Me refugio en la soledad porque me apoya en los momentos más críticos de mi vida. Porque cuando necesité de un abrazo, ella me ha abrazado; cuando necesité un oído, ella me ha escuchado; cuando necesité silencio, ella me lo ha dado; cuando necesité donde llorar, ella me cobijó en su hombro.
Me refugio en mi soledad porque es mi amiga, mi tranquilidad cuando todo afuera es un caos, una amante espectacular y placentera, fiel a mis deseos. Ahora, mientras escribo, ella me acompaña, sentada en el sofá, al lado de la cama, porque la melodía que suena allá me envuelve en la nostalgia y me angustia, porque el pasado es el recuerdo de lo que fue y quisiera verlo volver, aunque yo sepa que no vale la pena.
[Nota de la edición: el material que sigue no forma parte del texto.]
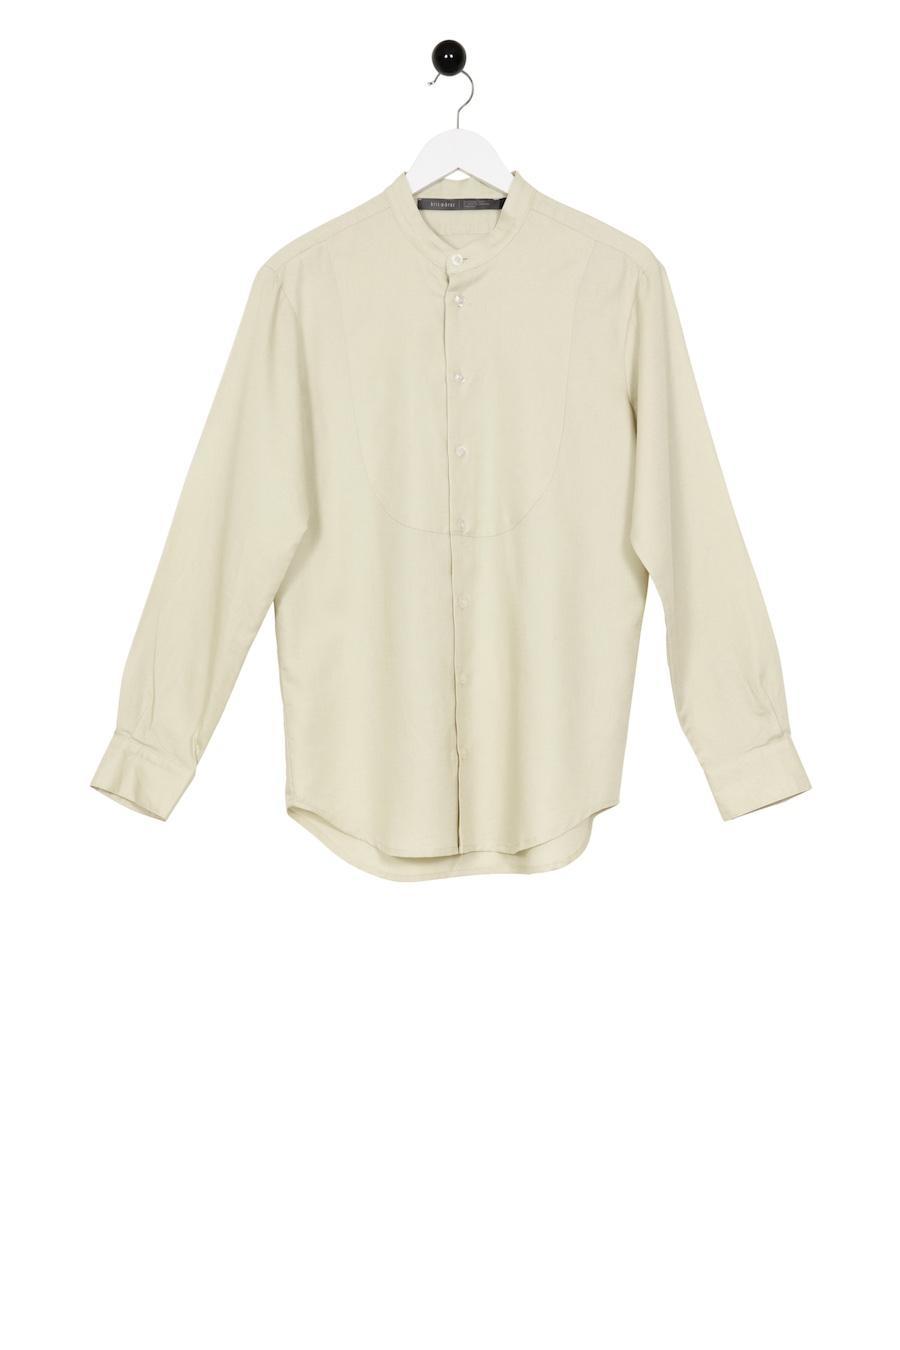 Malapolskin Shirt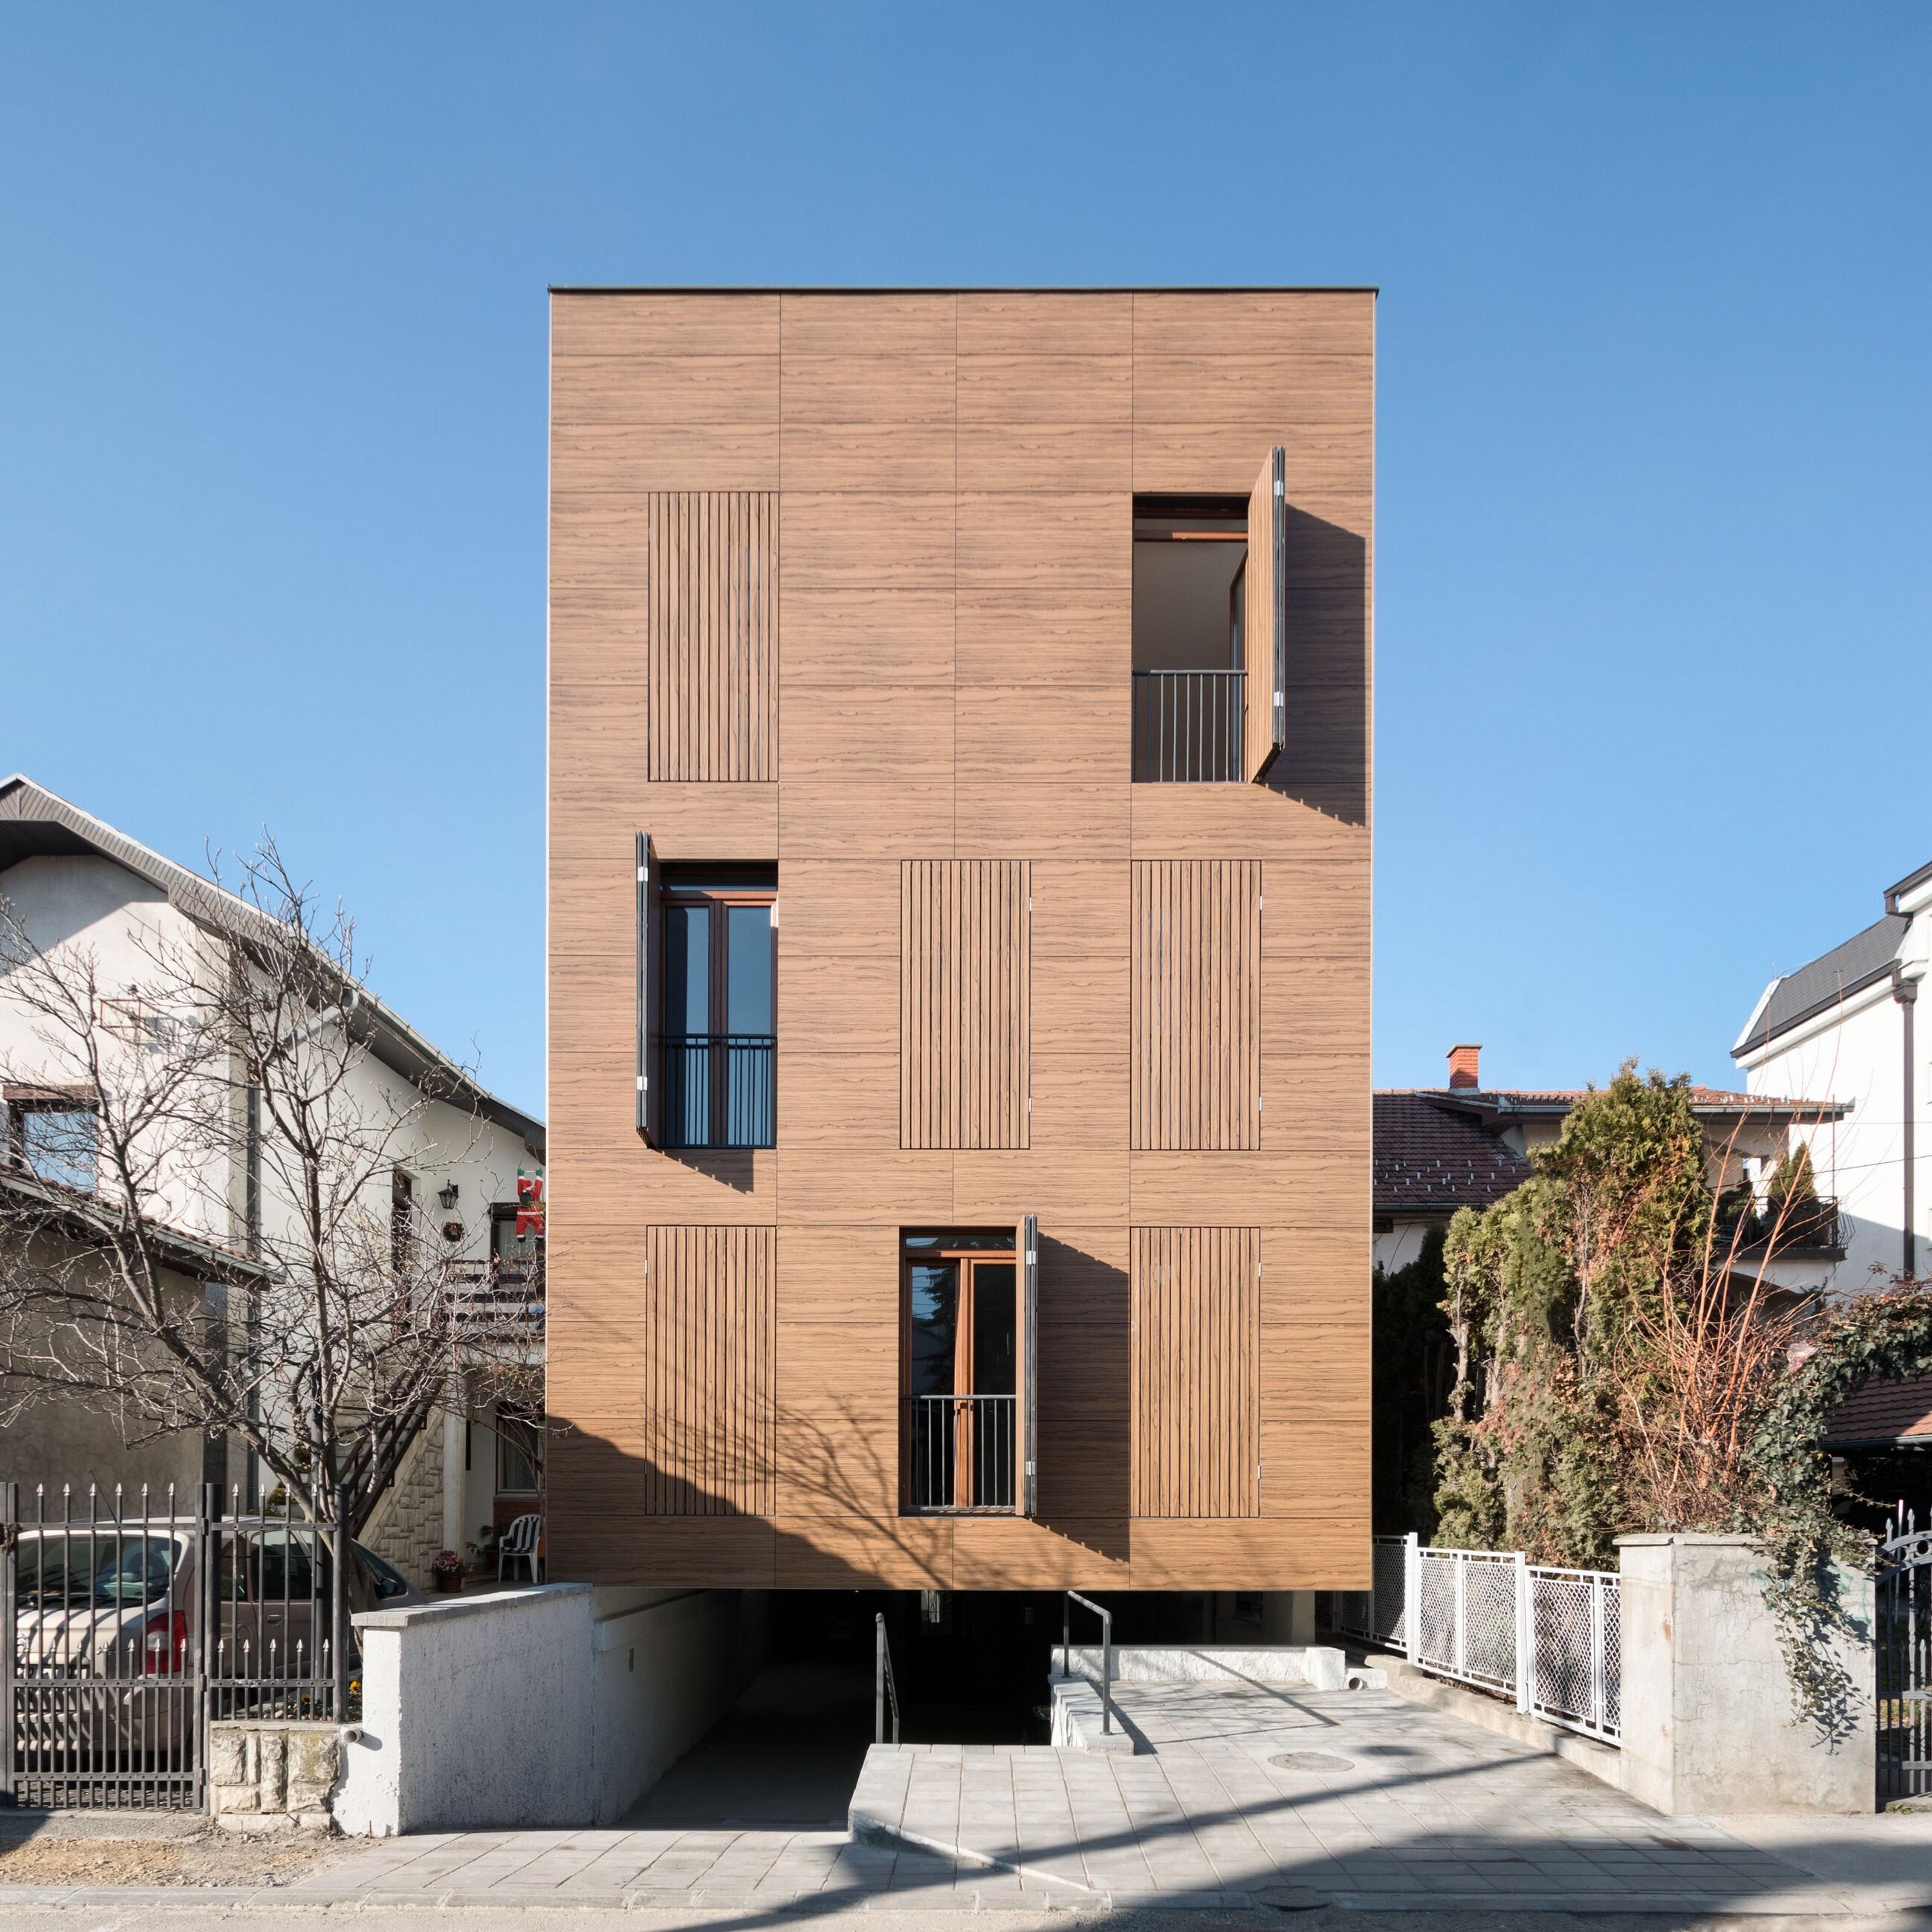 N1 Housing

Pero no puedo negar que aquellos ratos fueron los más felices de mi vida y, aunque yo haya cambiado y él también, lo echo de menos.
Quisiera verlo una vez más, revivir esas mañanas en el parque de las cotorras, oír sus palabras de amor y yo permitiéndome envolverme en la farsa de un noviazgo inventado por dos amantes fingiendo ser libres para el uno y el otro. Ahora mi soledad me consuela con un mañana prometedor y yo me entrego a esa promesa mientras le juego al gato y me preparo para dormir.